Almost! Yesterday was eight weeks since Kev's death (still hard to write). I was up early as usual, coffee, internet etc..
Alex and I went to our local landfill with lots of garbage that can not be put curbside, sounds like an exciting Sunday so far. Met Tracy and Bill here at the house to measure the headboard of my existing bed cause Tra and I are going to make a new upholstered head board. It's a project I have been wanting to do for a while, I decided I am most likely going to sell my bedroom furniture before I leave here. If it is easy to do, I am a little nervous about having strangers come in to look at some of the things I want to sell but it is the only way.
I kept busy the rest of the day and for a Sunday (which is now the worst day of the week to me), I was feeling pretty good. We watched the Oscars which is great because here in the west is started at 5:30! I was enjoying all the typical nonsense and things that don't really matter in this world, I call it mindless tv which is really good for me. I was good until that damn Celine Dion came out and sang to all the faces of people that had passed away this year, that did it! I was glad Alex was in the shower, it allowed me to lose it without her seeing.
Also those sweet kids from Staten Island, again "Somewhere over the Rainbow" got me again.
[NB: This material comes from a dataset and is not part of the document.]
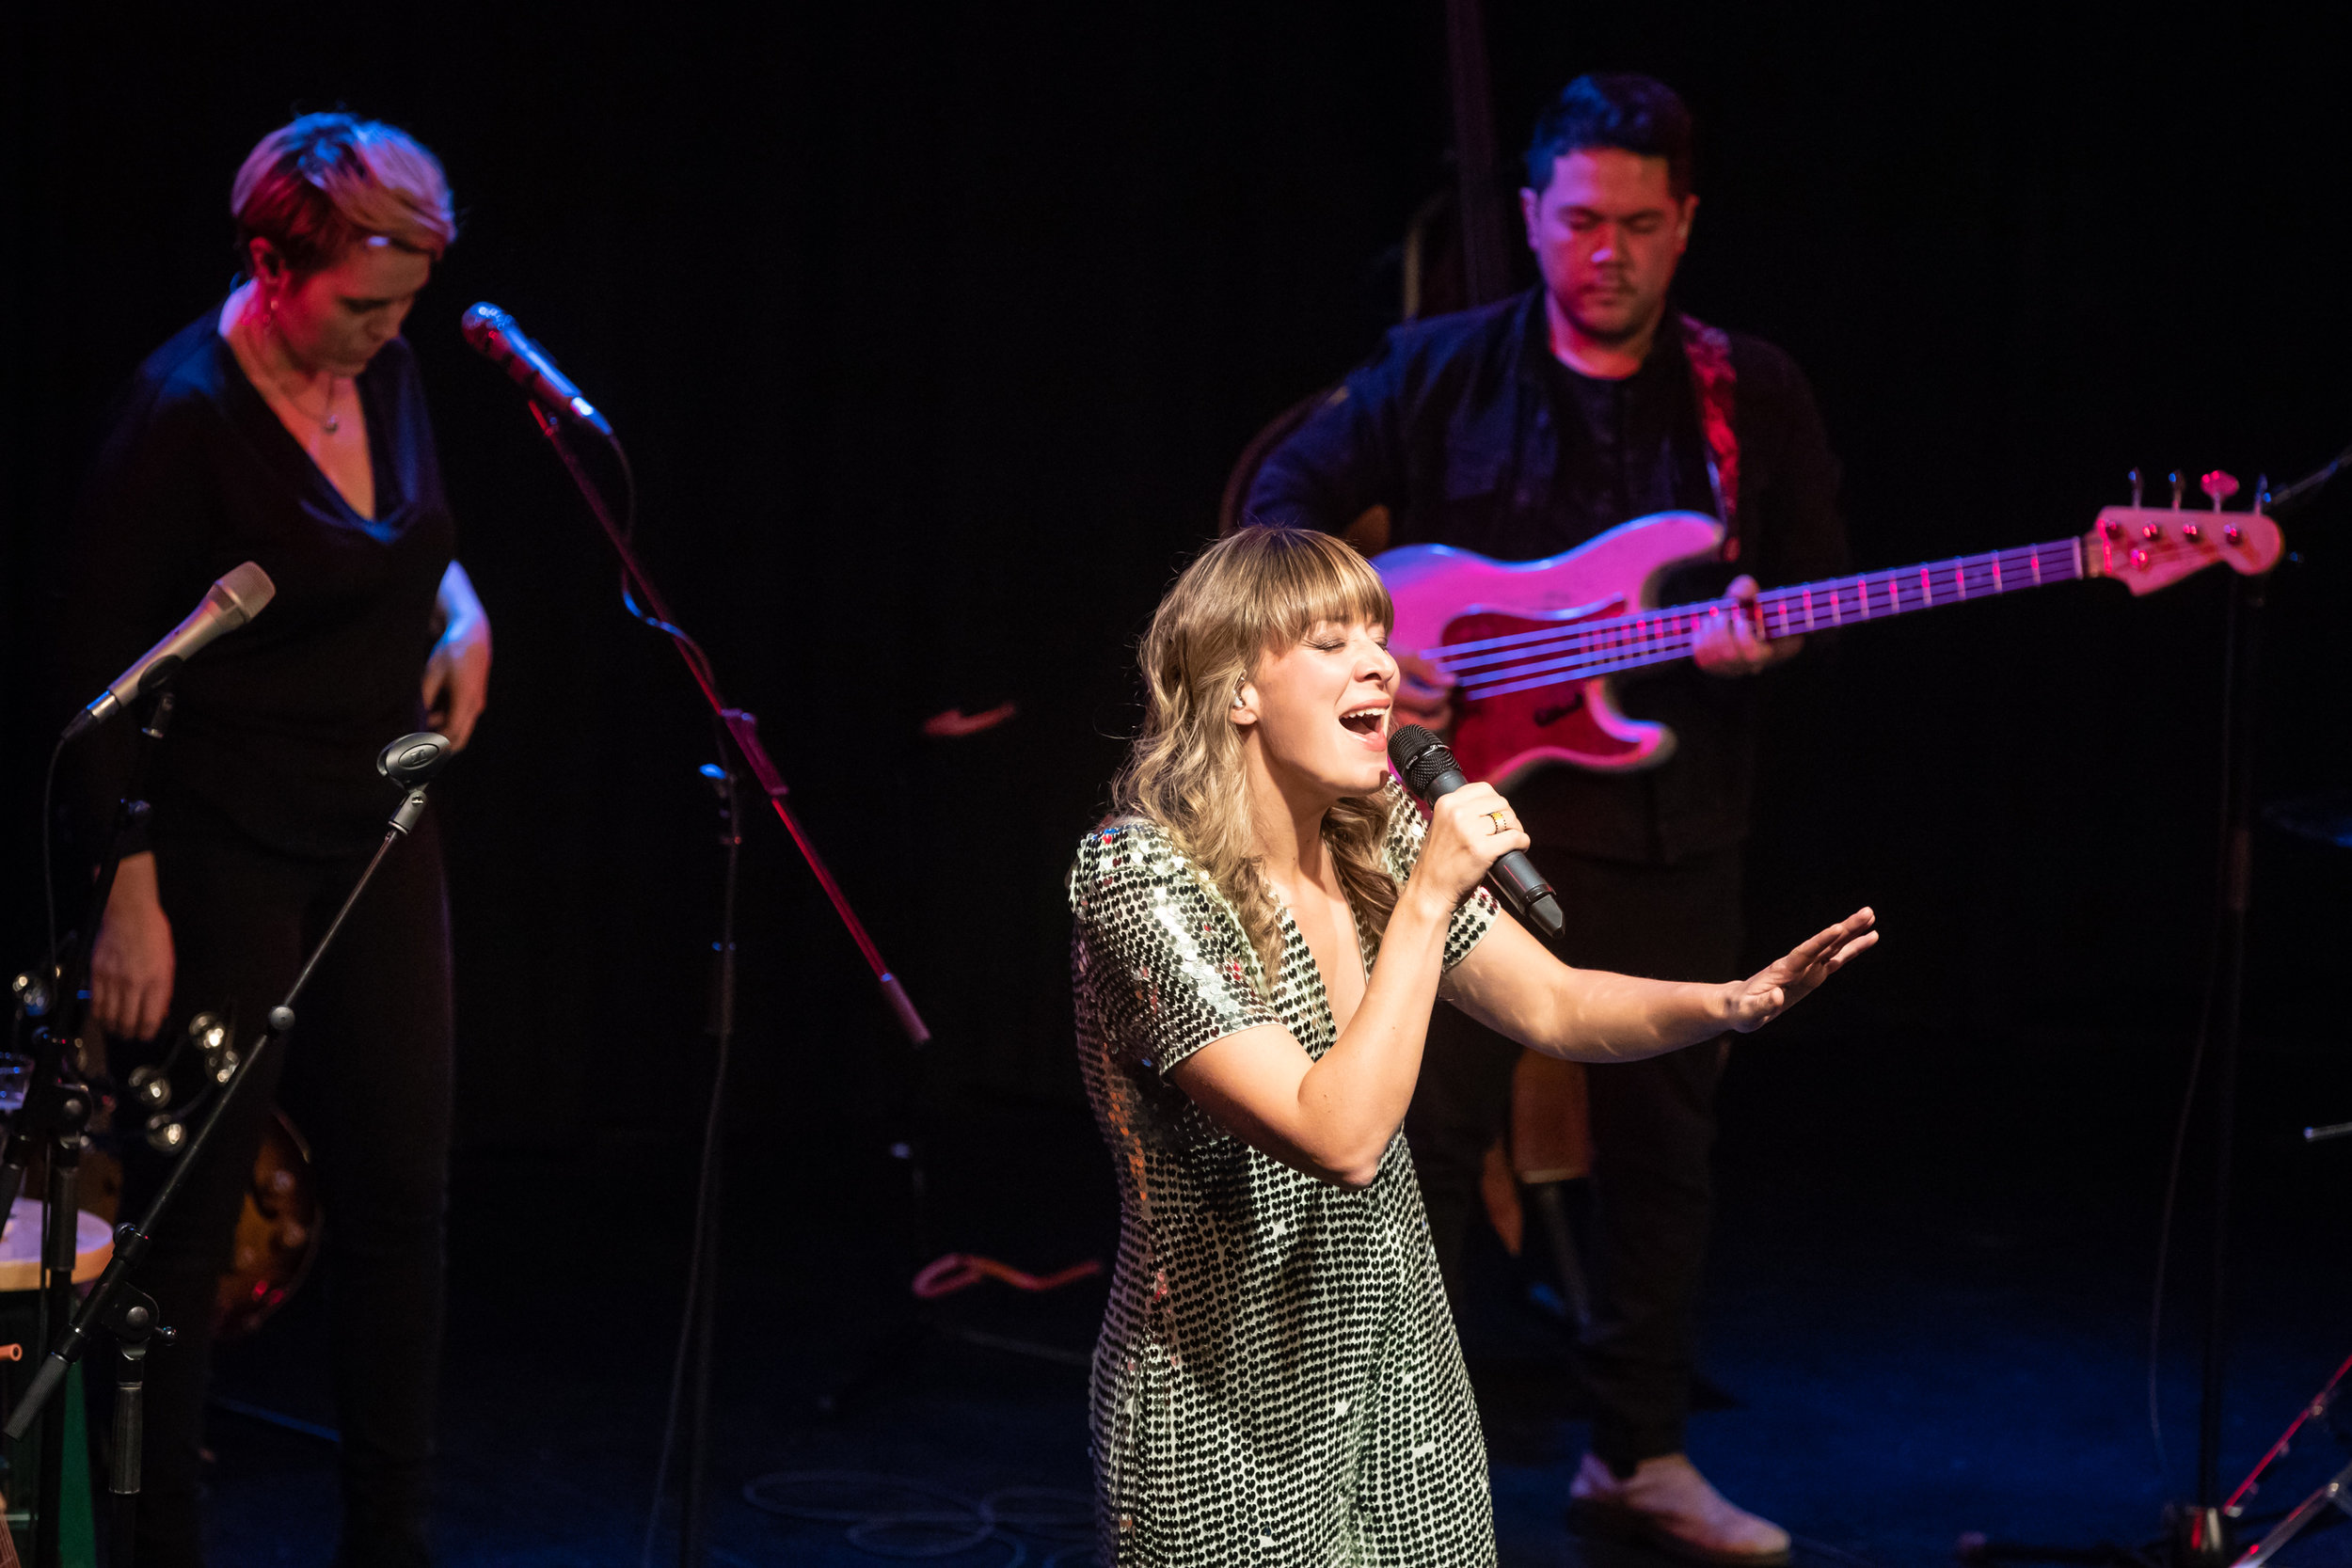  Jill Barber at the West End Cultural Centre on Monday October 22, 2018  Photo by Matt Duboff 
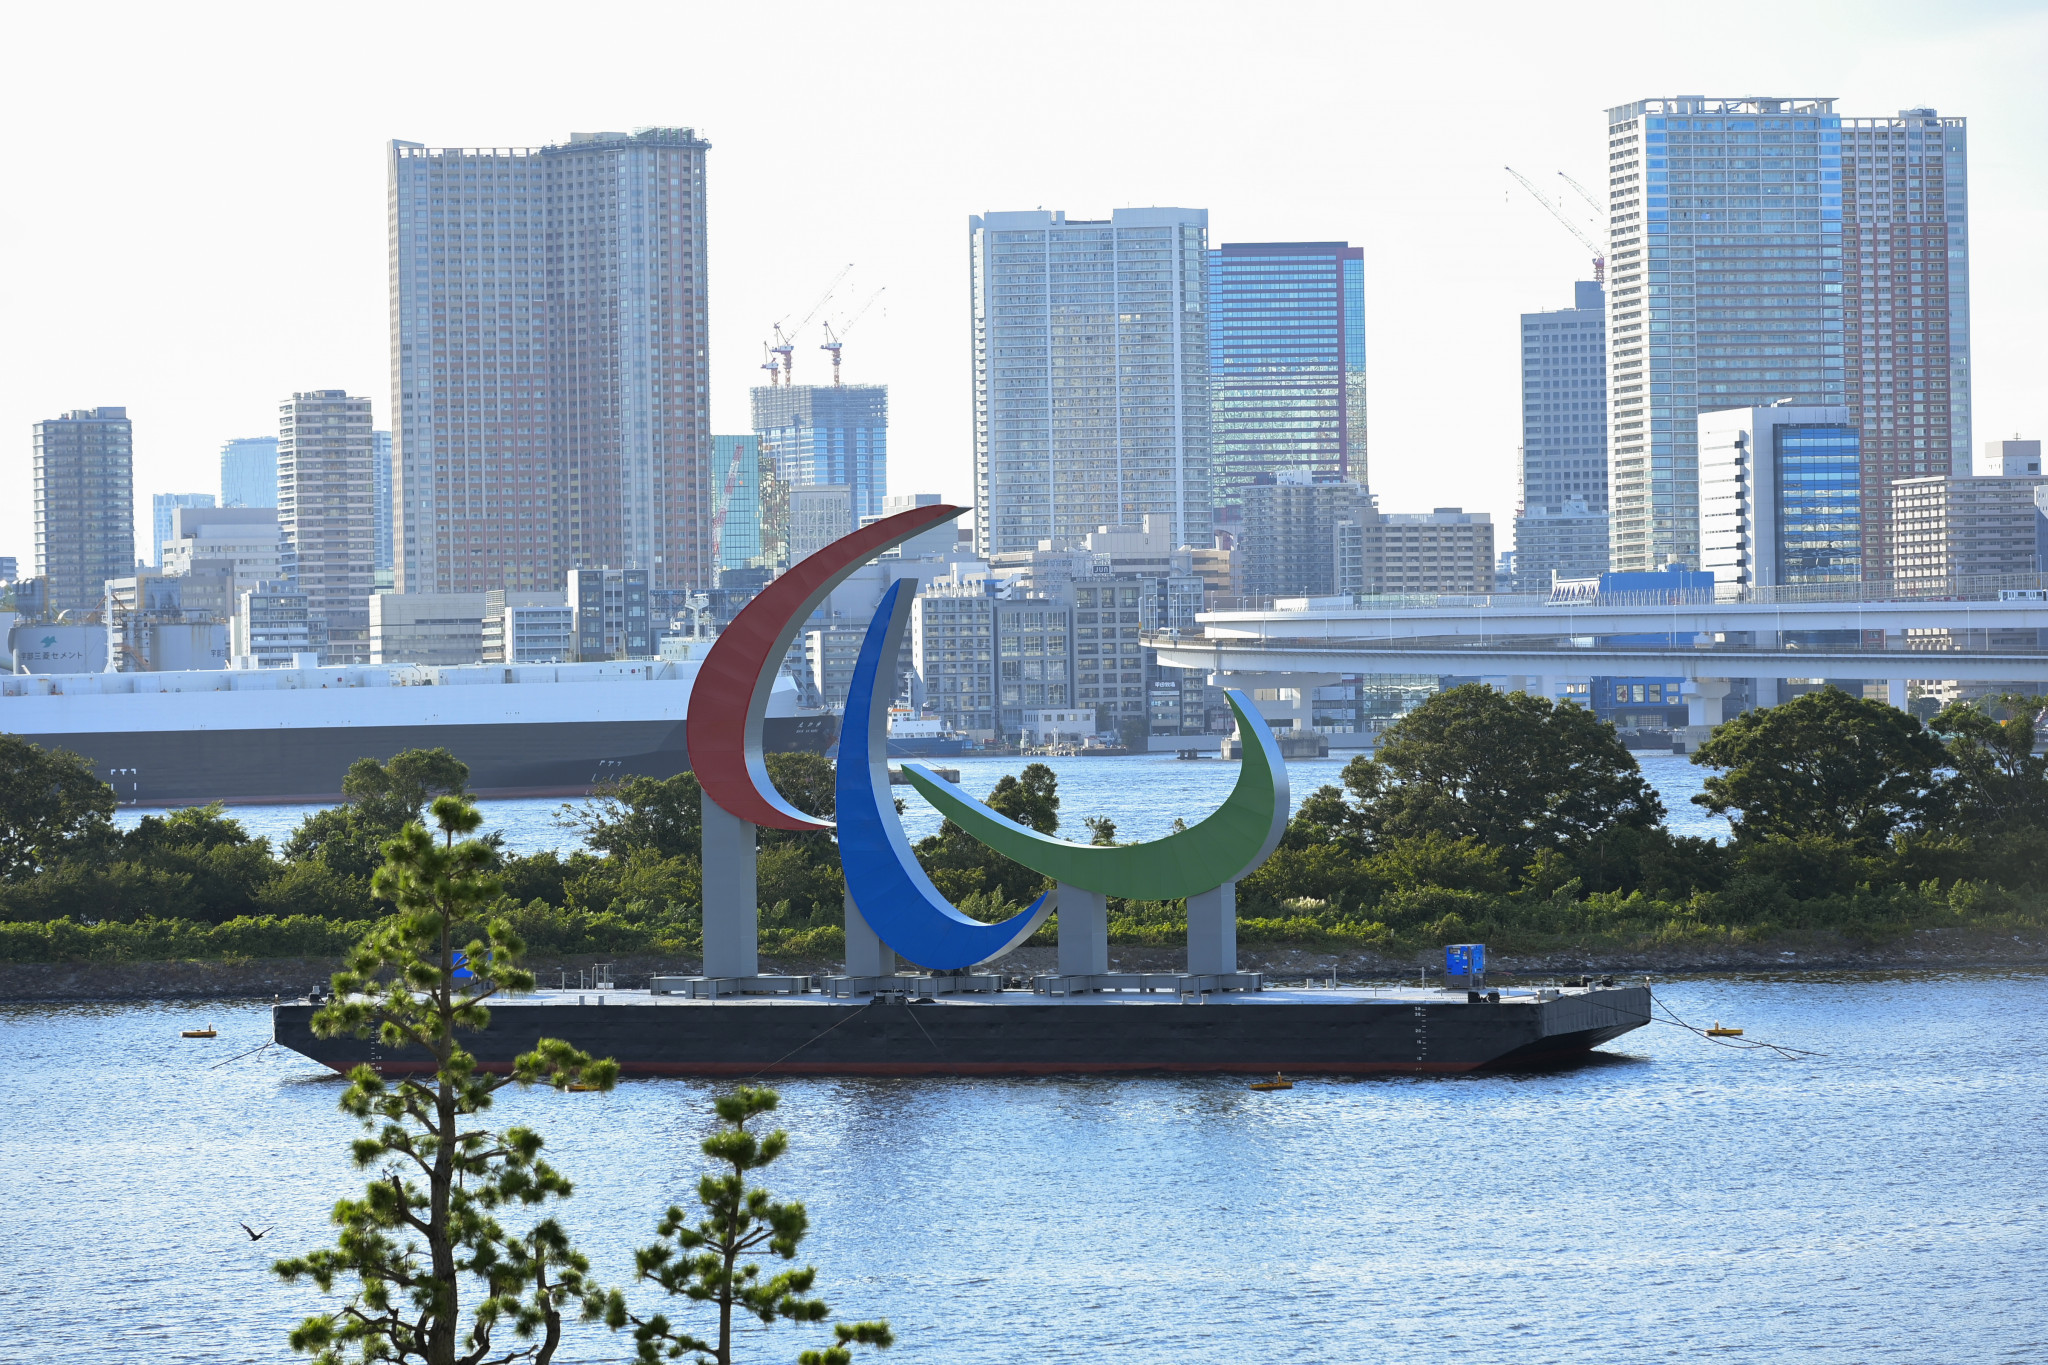 Agitos logo removed from Tokyo Bay following conclusion of Paralympic Games

How many times have I heard that song...this time I really listened.
Now it is Monday, the start of a new week, I have lots to do, but sometimes it all seems too monumental. I know I can get angry at Kev anytime I look at all the books I have to do something with. Really some of the books, not sure what he was thinking. I guess he could chosen a worse thing to be obsessed about. So there is my most daunting task, the one that took years to collect and the one that is so hard because I feel I am betraying him with each book I decide will have to go. I used to tease him about this exact thing, I just thought it would be at least 30 years in the future I would have to deal with it for real!